### [What you have to do]
Your answer must be a single number: how many lines of the data include "Airport".

### [The input]
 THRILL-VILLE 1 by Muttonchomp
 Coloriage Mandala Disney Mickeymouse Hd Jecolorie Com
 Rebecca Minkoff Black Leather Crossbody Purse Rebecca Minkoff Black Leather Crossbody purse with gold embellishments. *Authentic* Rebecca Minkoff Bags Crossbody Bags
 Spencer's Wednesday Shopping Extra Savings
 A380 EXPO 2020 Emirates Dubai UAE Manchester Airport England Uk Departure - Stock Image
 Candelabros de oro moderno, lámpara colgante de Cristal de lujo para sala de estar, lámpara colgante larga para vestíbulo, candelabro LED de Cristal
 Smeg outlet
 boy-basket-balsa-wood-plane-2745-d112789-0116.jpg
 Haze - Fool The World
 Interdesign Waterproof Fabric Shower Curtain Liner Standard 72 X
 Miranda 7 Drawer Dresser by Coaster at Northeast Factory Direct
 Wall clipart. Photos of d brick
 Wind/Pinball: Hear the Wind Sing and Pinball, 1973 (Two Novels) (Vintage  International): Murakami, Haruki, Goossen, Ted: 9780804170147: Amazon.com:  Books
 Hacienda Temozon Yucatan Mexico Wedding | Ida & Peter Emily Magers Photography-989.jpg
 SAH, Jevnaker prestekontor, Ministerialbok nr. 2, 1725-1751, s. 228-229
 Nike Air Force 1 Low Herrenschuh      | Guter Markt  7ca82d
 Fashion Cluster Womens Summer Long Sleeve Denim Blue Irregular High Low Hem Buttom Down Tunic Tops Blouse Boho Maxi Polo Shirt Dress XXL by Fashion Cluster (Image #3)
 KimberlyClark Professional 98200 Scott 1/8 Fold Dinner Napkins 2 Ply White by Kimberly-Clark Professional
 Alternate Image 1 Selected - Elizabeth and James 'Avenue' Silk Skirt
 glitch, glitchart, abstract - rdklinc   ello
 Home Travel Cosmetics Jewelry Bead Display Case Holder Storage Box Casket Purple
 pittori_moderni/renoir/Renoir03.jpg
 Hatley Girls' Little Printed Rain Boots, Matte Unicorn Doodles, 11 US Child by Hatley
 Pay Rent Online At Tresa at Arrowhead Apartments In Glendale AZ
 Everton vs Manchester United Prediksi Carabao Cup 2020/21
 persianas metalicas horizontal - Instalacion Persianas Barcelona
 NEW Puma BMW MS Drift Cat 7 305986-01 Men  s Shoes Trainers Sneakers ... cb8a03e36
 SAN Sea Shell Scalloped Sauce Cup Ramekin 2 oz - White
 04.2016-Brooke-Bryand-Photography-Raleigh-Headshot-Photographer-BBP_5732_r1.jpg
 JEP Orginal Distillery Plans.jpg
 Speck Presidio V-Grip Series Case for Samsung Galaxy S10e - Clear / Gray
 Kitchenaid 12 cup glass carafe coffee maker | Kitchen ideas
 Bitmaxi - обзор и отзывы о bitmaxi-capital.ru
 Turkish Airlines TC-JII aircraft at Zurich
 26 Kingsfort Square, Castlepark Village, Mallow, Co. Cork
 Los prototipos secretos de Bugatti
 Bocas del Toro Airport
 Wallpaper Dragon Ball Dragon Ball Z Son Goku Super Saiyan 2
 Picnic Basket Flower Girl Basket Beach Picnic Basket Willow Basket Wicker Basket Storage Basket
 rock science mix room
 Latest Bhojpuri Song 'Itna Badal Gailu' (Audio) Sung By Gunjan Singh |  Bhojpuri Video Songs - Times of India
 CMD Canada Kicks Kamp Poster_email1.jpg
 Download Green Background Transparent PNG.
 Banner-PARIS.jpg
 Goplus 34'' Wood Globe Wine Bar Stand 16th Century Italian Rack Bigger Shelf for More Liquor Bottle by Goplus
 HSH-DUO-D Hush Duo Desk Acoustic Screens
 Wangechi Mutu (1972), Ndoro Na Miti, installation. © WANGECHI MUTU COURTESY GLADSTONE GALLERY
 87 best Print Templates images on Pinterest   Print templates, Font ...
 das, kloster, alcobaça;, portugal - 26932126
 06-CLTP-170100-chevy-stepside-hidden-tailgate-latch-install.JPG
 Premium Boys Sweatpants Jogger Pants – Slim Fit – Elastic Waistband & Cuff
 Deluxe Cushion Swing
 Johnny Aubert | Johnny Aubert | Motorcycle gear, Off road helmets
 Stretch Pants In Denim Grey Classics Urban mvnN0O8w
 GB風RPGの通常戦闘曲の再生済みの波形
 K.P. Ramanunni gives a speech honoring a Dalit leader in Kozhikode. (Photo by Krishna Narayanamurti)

### [Answer area]
2